Надеюсь, я не засовываю Кутзее в коробочку.
Во всяком случае, так мне кажется. Нет, он не был враждебен к освободительной борьбе. Если вы фаталист — а у него была такая тенденция, — то нет смысла враждебно относиться к ходу истории, как бы вы о нем ни сожалели. Для фаталиста история — это судьба.
Очень хорошо. Значит, он сожалел об освободительной борьбе? Сожалел о форме, которую принимала освободительная борьба?

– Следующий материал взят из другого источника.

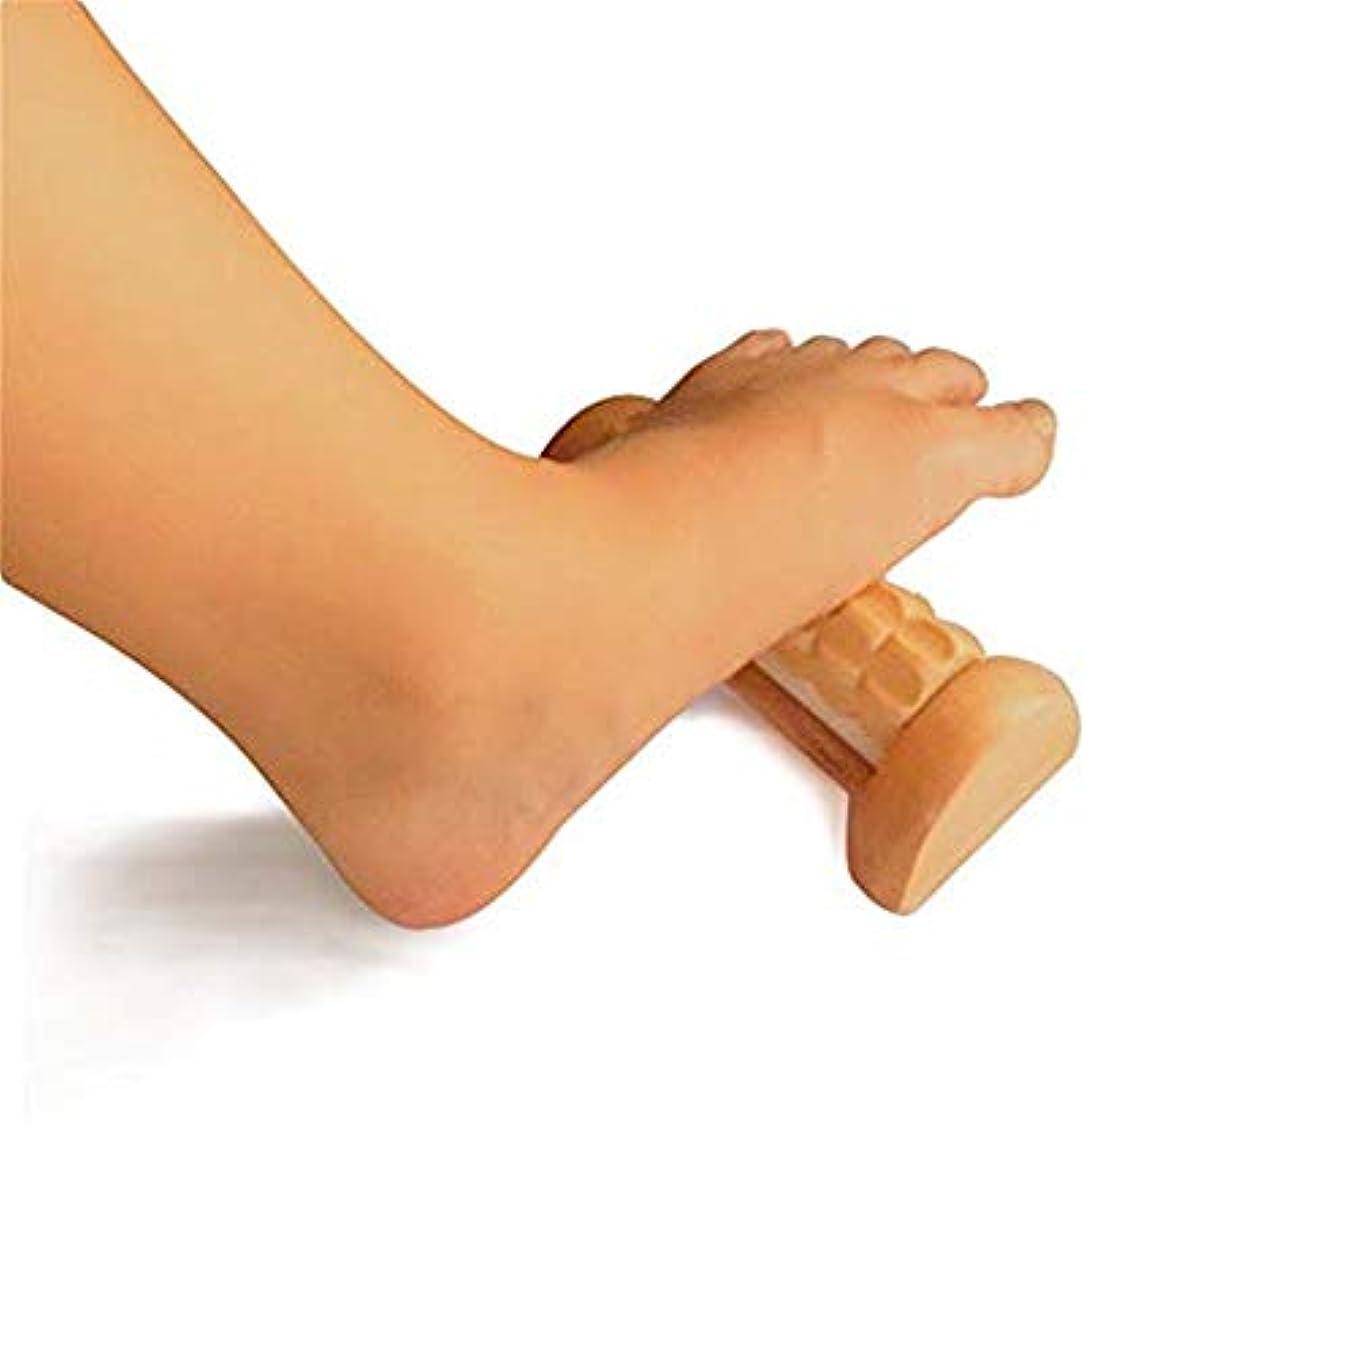 和解する苦い墓Foot Massager Roller - 足のARCHの痛み、足底筋膜炎、痛みのセルフマッサージと痛みを和らげます - 筋膜の弛緩、リラックスした緊張/タイトな筋膜およびアーチを刺激します

Он признавал, что освободительная борьба справедлива. Борьба была справедливой, но новая Южная Африка, которая являлась целью этой борьбы, была недостаточно утопична для него.
Что же было бы для него достаточно утопично?
Закрытие шахт. Выкорчевывание виноградников. Роспуск вооруженных сил. Упразднение автомобилей. Всеобщее вегетарианство. Поэзия на улицах. Все в таком духе.
Другими словами, поэзия и повозка, запряженная лошадью, стоят того, чтобы за них бороться, а освобождение от апартеида — нет?
Ничто не стоит того, чтобы за это бороться. Вы навязываете мне роль защитницы его позиции, позиции, которую я не разделяю. Ничто не стоит борьбы, потому что борьба лишь продлевает цикл агрессии и возмездия. Я просто повторяю то, что Кутзее громко и четко говорит в своих текстах, которые, по вашим словам, вы читали.
Чувствовал ли он себя непринужденно со своими темнокожими студентами — с темнокожими вообще?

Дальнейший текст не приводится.